Many research groups have evaluated the hypoglycaemic effects of natural products, including fungal polysaccharides using the Streptozotocin (STZ)-induced and alloxan-induced animal models (Hwang and Yun, 2010, Hwang et al., 2005; Yamac et al., 2008). IPSs extracted with hot water and alkalis have significant hypoglycemic effects on normal and alloxan-diabetic mice and STZ-diabetic rats in vivo by reducing the plasma glucose level in both STZ-induced diabetic rats and alloxan-induced diabetic mice, thereby increasing the serum insulin levels in diabetic animals (Li et al., 2006, Wang and Shiao, 2000, Zhang et al., 2006). IPSs also significantly lowered the levels of plasma triglyceride and cholesterol in mice and increase the activities of hepatic glucokinase, hexokinase, and glucose-6-phosphate dehydrogenase (Kiho et al., 1993, Kiho et al., 1996, Kiho et al., 1999).

Other bioactivities

As aforementioned, IPSs and EPSs obtained from wild or cultured C. sinensis demonstrate immunoregulation, antitumour, antioxidation, and hypoglycemic effects, as well as other important bioactivities, including anti-fibrosis, anti-fatigue, kidney protection, increasing plasma testosterone levels, and radiation protection (Nie et al., 2013, Wang et al., 2009, Wang et al., 2010, Wong et al., 2011, Yan et al., 2012, Yao et al., 2014, Zhang et al., 2012b, Zhong et al., 2009).
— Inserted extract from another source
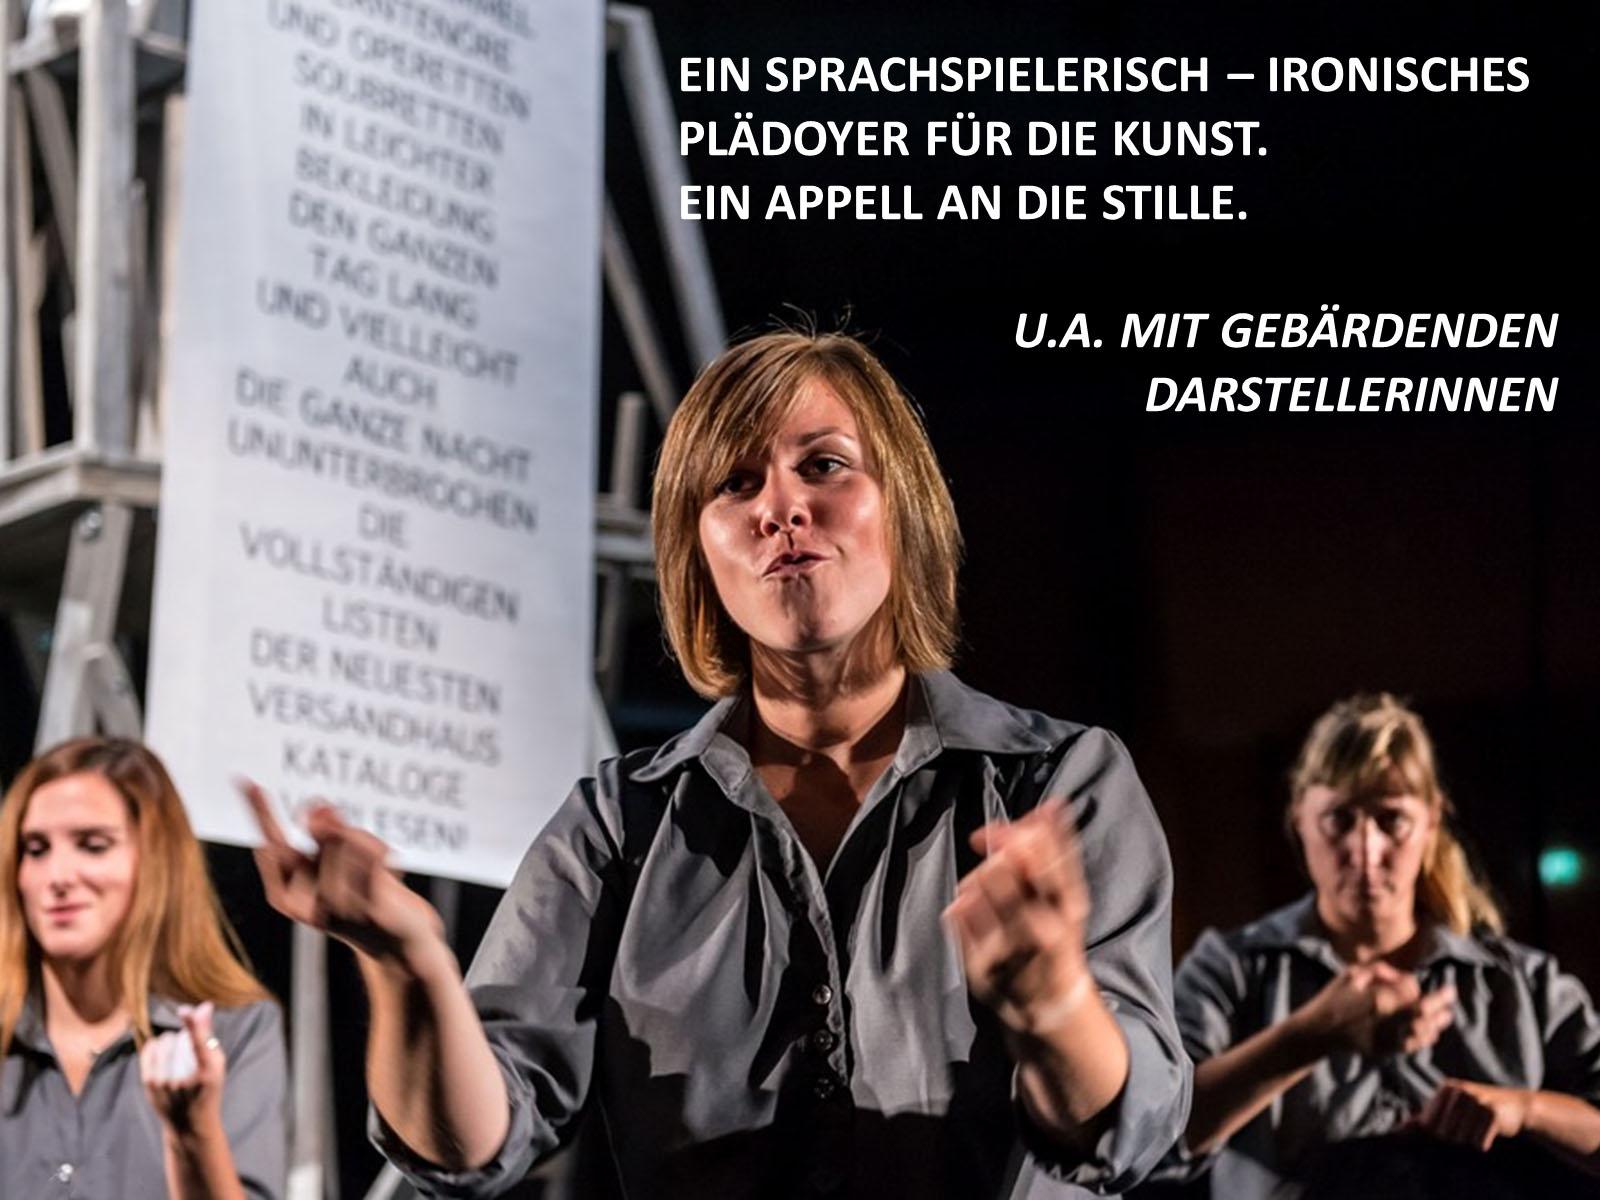 Chorphantasie | Odeïon Kulturforum Salzburg | 2014-09-18 bis 2014-10-23 | Foto © Albert Moser | 3

Conclusions and future perspectives

C. sinensis is a well-known and precious medicinal fungus in China for its ability to treat a broad spectrum of human diseases, especially those related to the functions of the lung and kidney, the immune system, and for its ability to enhance the quality of life and physical performance. Polysaccharides have been identified as the major active components of C. sinensis with a wide range of bioactivities including immunomodulation, antitumour, antioxidation, and hypoglycemic effects. Fermentation production, isolation, structural characterization, and the bioactivities of polysaccharides from different wild or natural C. sinensis have been extensively investigated in recent years, mainly in China, Japan, and Korea. However, the relationship between structural features, solution behavior, space conformation, and their bioactivity is unclear due to the structural diversity and complexity of polysaccharide molecules. The fruiting bodies or mycelial biomass as the sources of IPSs, especially EPSs isolated from the culture broth, have attained from different C. sinensis species and in various conditions. Because of the variable properties of raw material and the composition of polysaccharides, it is difficult to maintain consistency, reproducibility and reliability of the results. There is a need to establish standard protocols for collection and preparation of the source material and for the extraction, isolation and purification of polysaccharides. These will be useful for determination of the chemical structures and chain conformations and the biological activities and for applications in food, medicine and cosmetic products.